Reeves has been coming under sustained pressure in recent weeks after figures from the Office for National Statistics (ONS) showed the economy had completely flatlined in the three months since Labour took power.

The revelation was humiliating for a Labour party who had come into office pledging that growth would be their number one priority – and that it would be delivered before anti-poverty measures.

The pressure has only continued to grow on Reeves as the pound sterling fell another 0.5% to 1.214 US dollars on Monday, having last week hit its lowest level against the dollar since November 2023.

And UK Government bonds – also known as gilts – continued to see 10-year yields hit fresh highs not seen since 2008, up six basis points at 4.9%.

The yield on 30-year gilts also hit new 27-year highs, up five basis points at 5.5%. Yields move inversely to bond prices.

Reeves is facing pressure due to the resultant surge in the cost of servicing government debt, which puts her own fiscal rules in danger of being broken.

The Telegraph reported that a letter from the Chancellor’s office at No 11 Downing Street had ordered Cabinet ministers to be “ruthless” with spending cuts, admitting that “difficult” decisions would have to be made.

Chancellor Rachel Reeves is coming under fire for failing to deliver growth (Image: Dan Kitwood/PA Wire) On Monday, the Prime Minister defended Reeves and a “ruthless” approach to spending – but declined to explicitly say she would still be in post by the next General Election.

Answering questions following a speech on AI in London, he said: “We’re going to stick to the fiscal rules. That is a very important thing that we’ve said throughout.

“We set out those fiscal rules very early on in the day because we knew that the missing ingredient in recent years has been economic stability, we’re determined to bring about that economic stability, and that’s why the fiscal rules are absolutely central to what we do.”

He said changes to planning rules, the industrial strategy, and embracing artificial intelligence would fuel growth.

“That is why I’m confident in our mission for growth and I’m confident, completely confident in my team.”

But, he added: “We never pretended, nor would anybody sensibly argue, that after 14 years of failure, you can turn around our economy and our public services before Christmas.

“Before the election, I said it’s not going to be possible to do this in six months. It’s going to take time.”

An increasingly desperate Labour have in recent weeks asked Government watchdogs such as Ofgem to come forward with ideas to drive economic growth.

Sharing a Guardian story about Reeves considering "steeper cuts to public services to repair government finances", SNP Cabinet Secretary Shirley-Anne Somerville shared an increasingly infamous clip of Scottish Labour leader Anas Sarwar.

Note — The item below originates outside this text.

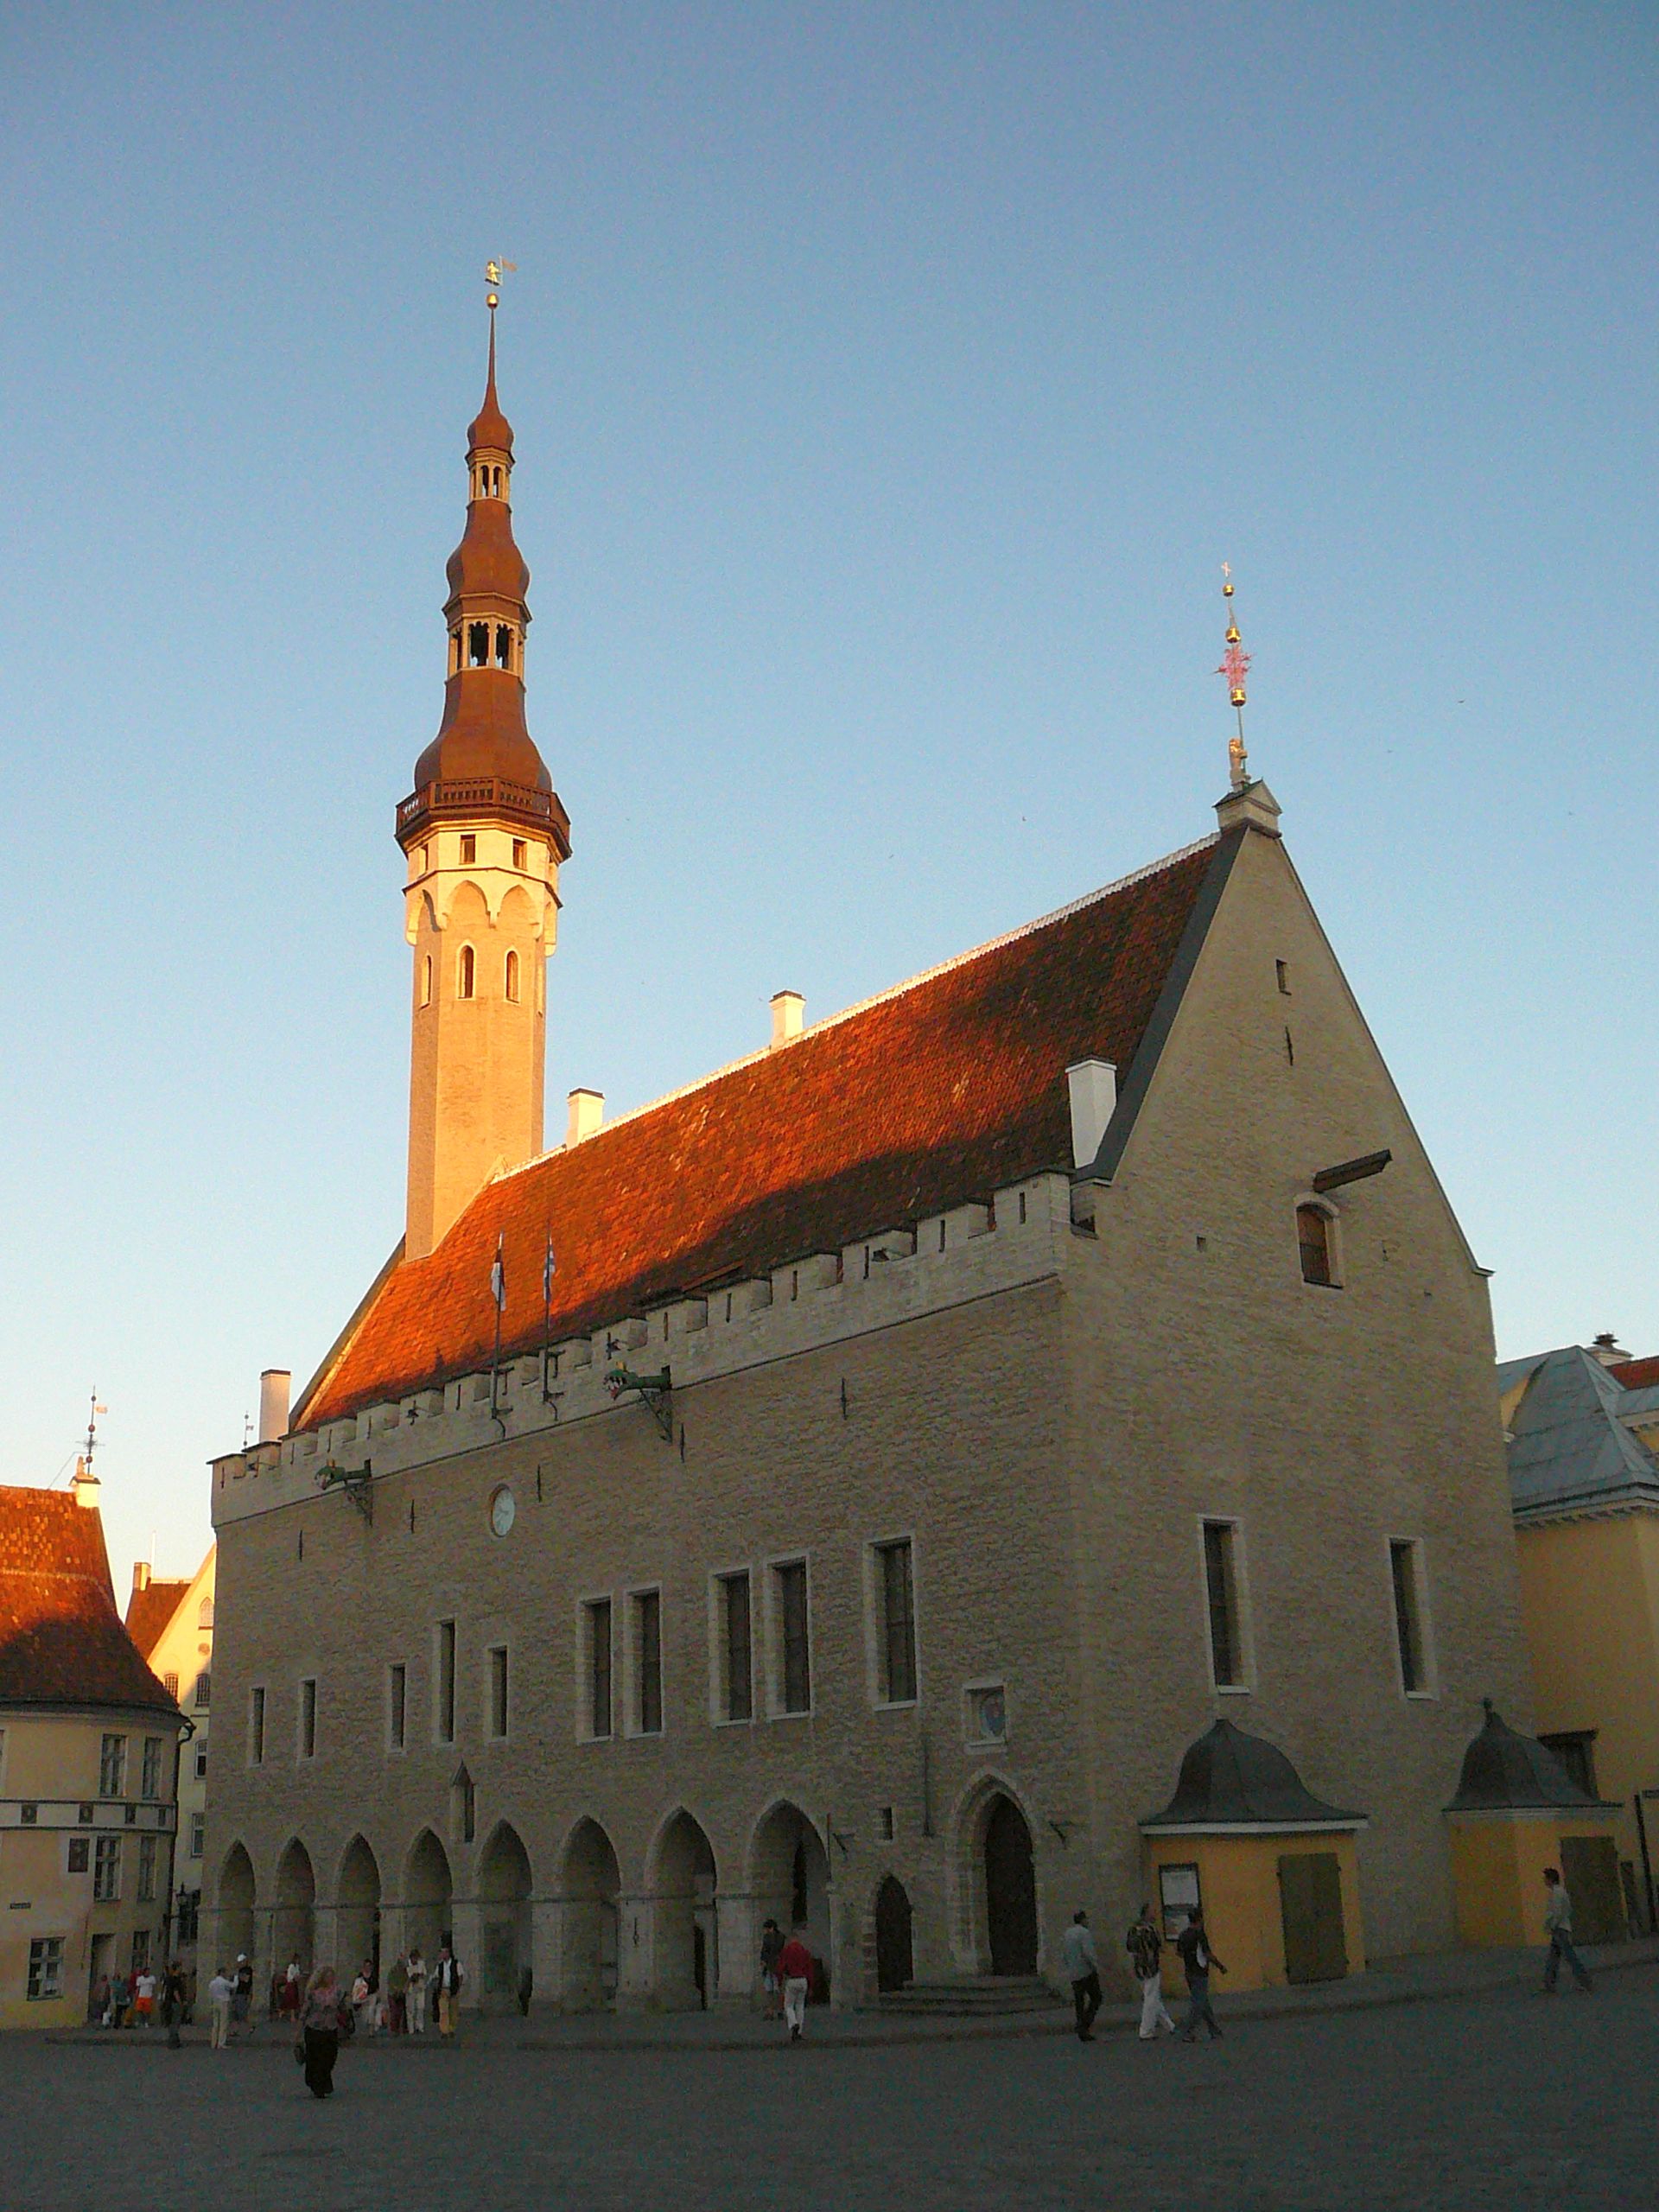 The Tallinn City Hall

"Read my lips: no austerity under Labour," the MSP said ahead of the General Election.

Elsewhere, Starmer’s claim that Labour will bring “stability” to the economy comes despite a pledge on Monday to fund a new supercomputer in the UK – just months after pulling funding from a supercomputer project in Edinburgh.

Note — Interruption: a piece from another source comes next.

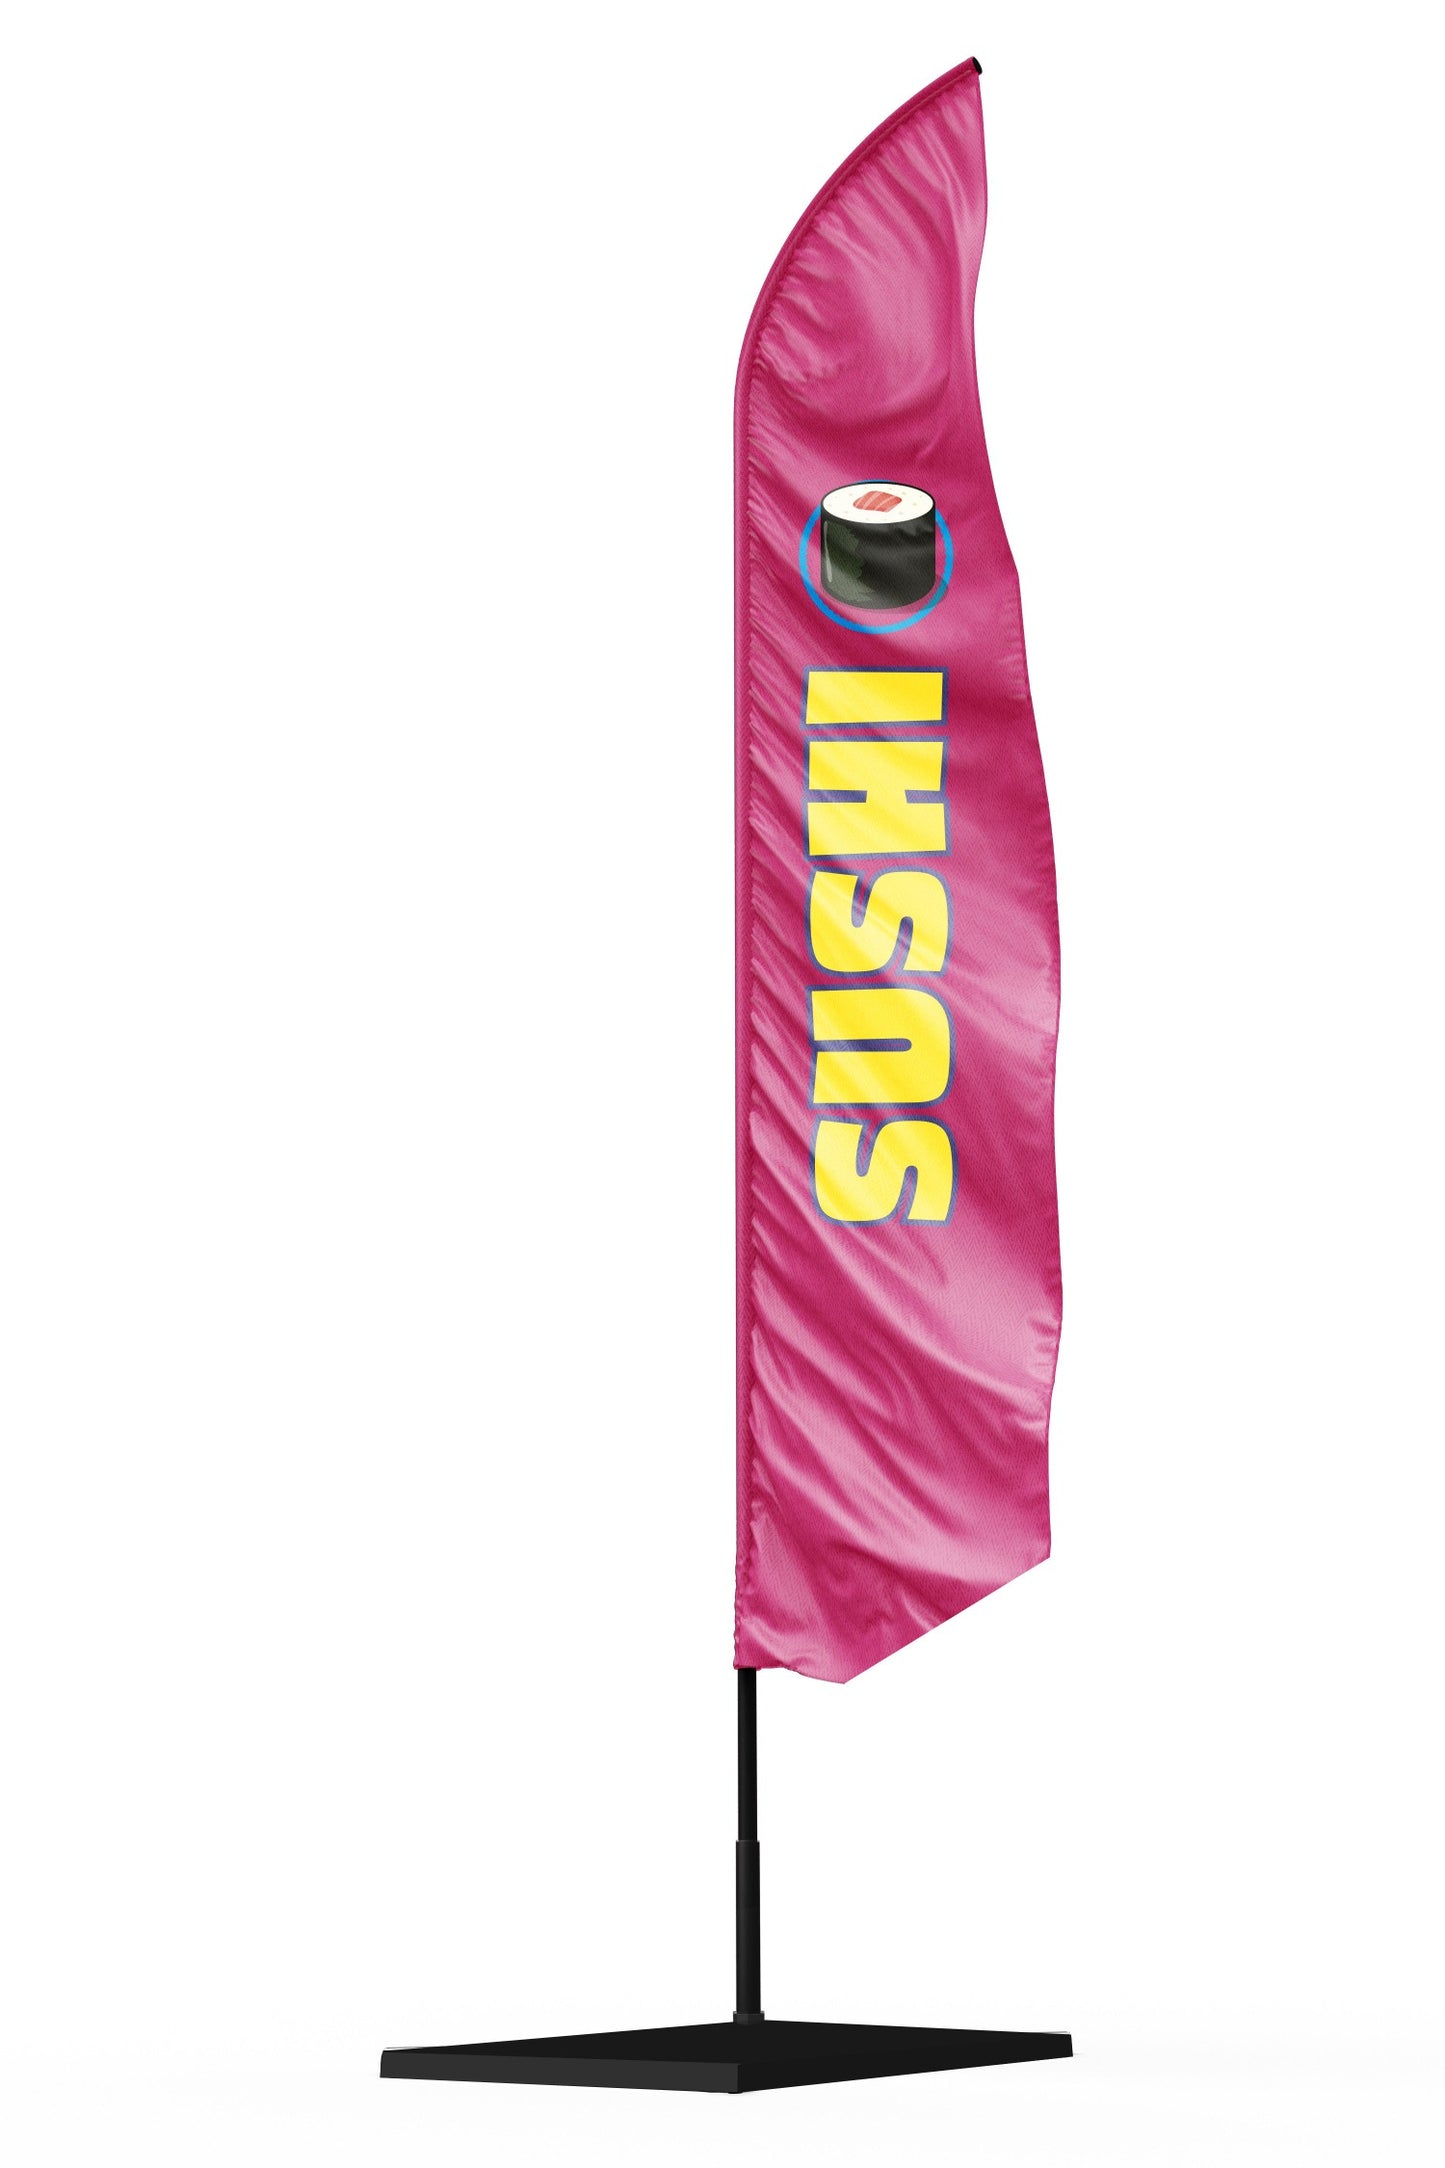 Drapeau oriflamme publicitaire SUSHI fond rose avec une écriture jaune et un maki sushi en haut du drapeau

SNP MSP David Torrance told The National: “Just a few months after coming into office and promising to deliver growth, the UK Labour Government has pulled the plug from the ground-breaking £800m supercomputer project at Edinburgh University, undermining Scotland’s world-leading data, AI, and tech sector.

“Deciding now to develop this technology elsewhere would be another betrayal from this UK Labour Government towards Scotland.”

Reeves was criticised for flying out to China while the financial troubles continued. The Labour Government insisted she had done so to secure “the benefits of agreements worth £600 million to the British economy”.

Asked by BBC Breakfast if the Chancellor was right to make the journey, Cabinet Office minister Pat McFadden said on Monday that she “definitely” was.

“I think the people saying she shouldn’t have gone are wrong and making a bad mistake,” he said.

“It is absolutely right for the Chancellor of the Exchequer, for the chief economic voice in the United Kingdom, to go and to beat the drum for British business and for investment in the United Kingdom.

“It was in the national interest that the Chancellor went to China, and that is why it is absolutely right that she went.”